While a centre-right coalition government is the most likely outcome, it is by no means guaranteed. The new electoral law (“Rosatellum Bis”) combining a system of proportional representation (2/3 of seats) and first past-the-post (1/3 of seats) has also repealed the majority premium of 40% present previously, therefore this makes it harder to envisage an outright majority. In the probable scenario that the election does not reach a majority, in order to avoid having a new round of elections, the parties would be pressed to form a coalition government. A long period of negotiations would therefore be foreseeable, which would come alongside a period of political instability and lack of reforms.

The ranges of possible coalition governments see an alliance of the 5SM with the centre-left as they are relatively aligned in the political spectrum (see figure below). Also, the possibility of a Eurosceptical coalition is not unlikely, with the 5Star movement forming an alliance with the League and the Brothers of Italy.
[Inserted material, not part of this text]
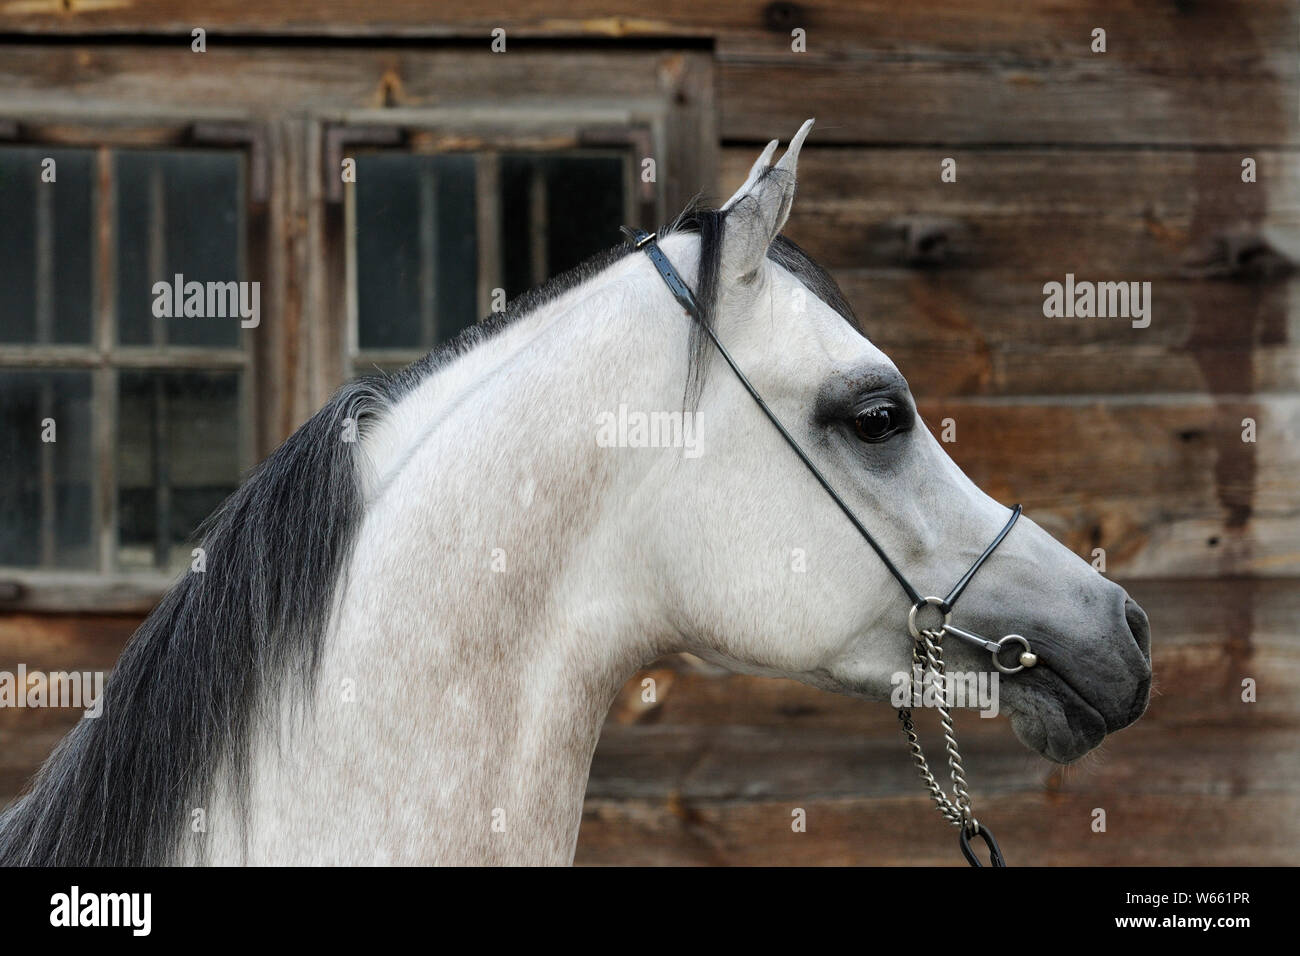 grey Arabian horse stallion with showholster Stock Photo
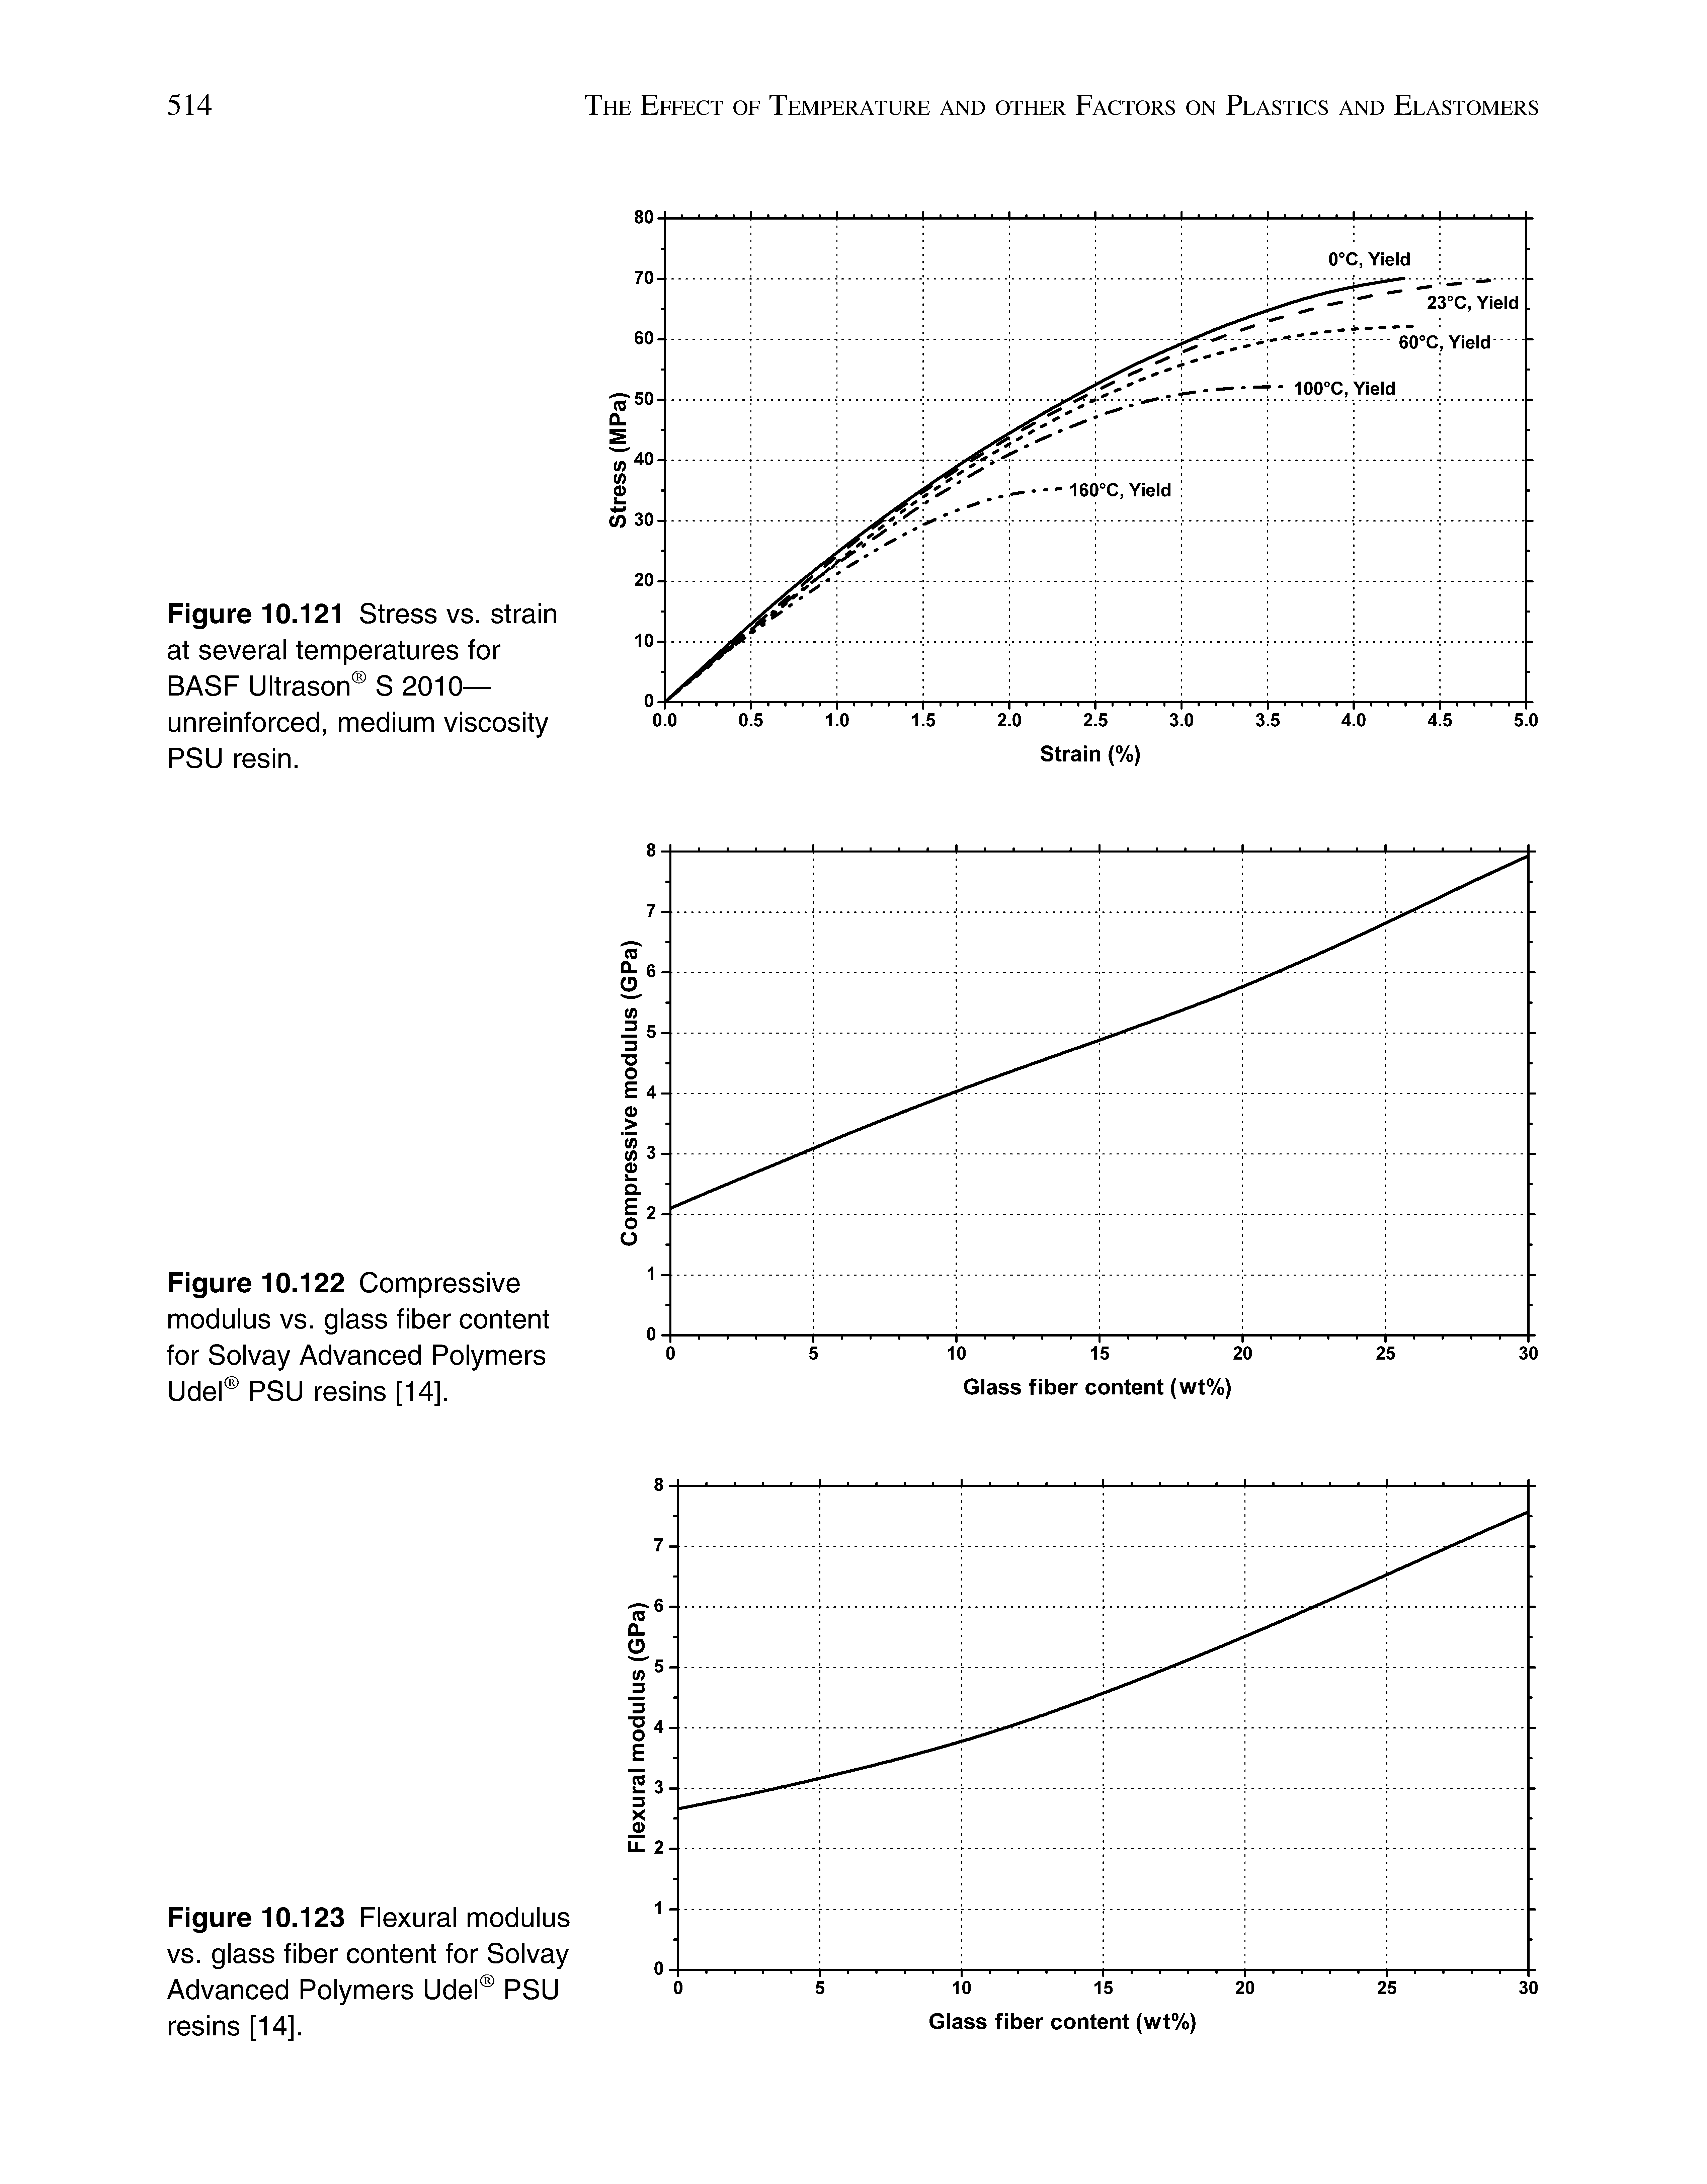 Figure 10.122 Compressive modulus vs. glass fiber content for Solvay Advanced Polymers Udel PSU resins [14].

Finally, a government of grand coalition uniting the centre-right and centre-left coalition may be on the table – although the lack of cross points between the two alliances would make it a low probability event. It would also be hard to negotiate who would step forward as leader and to present a consistent policy agenda.

 

 

The likelihoods of the 5Star Movement to win an outright majority are slim but not impossible. Despite the recent reversals of the movement from its Eurosceptic origins, investors’ uncertainty could come from its ambiguous attitude towards the single currency. A depreciation of the euro, accompanied by an increase in government bond yields, is a likely implication if the 5SM wins.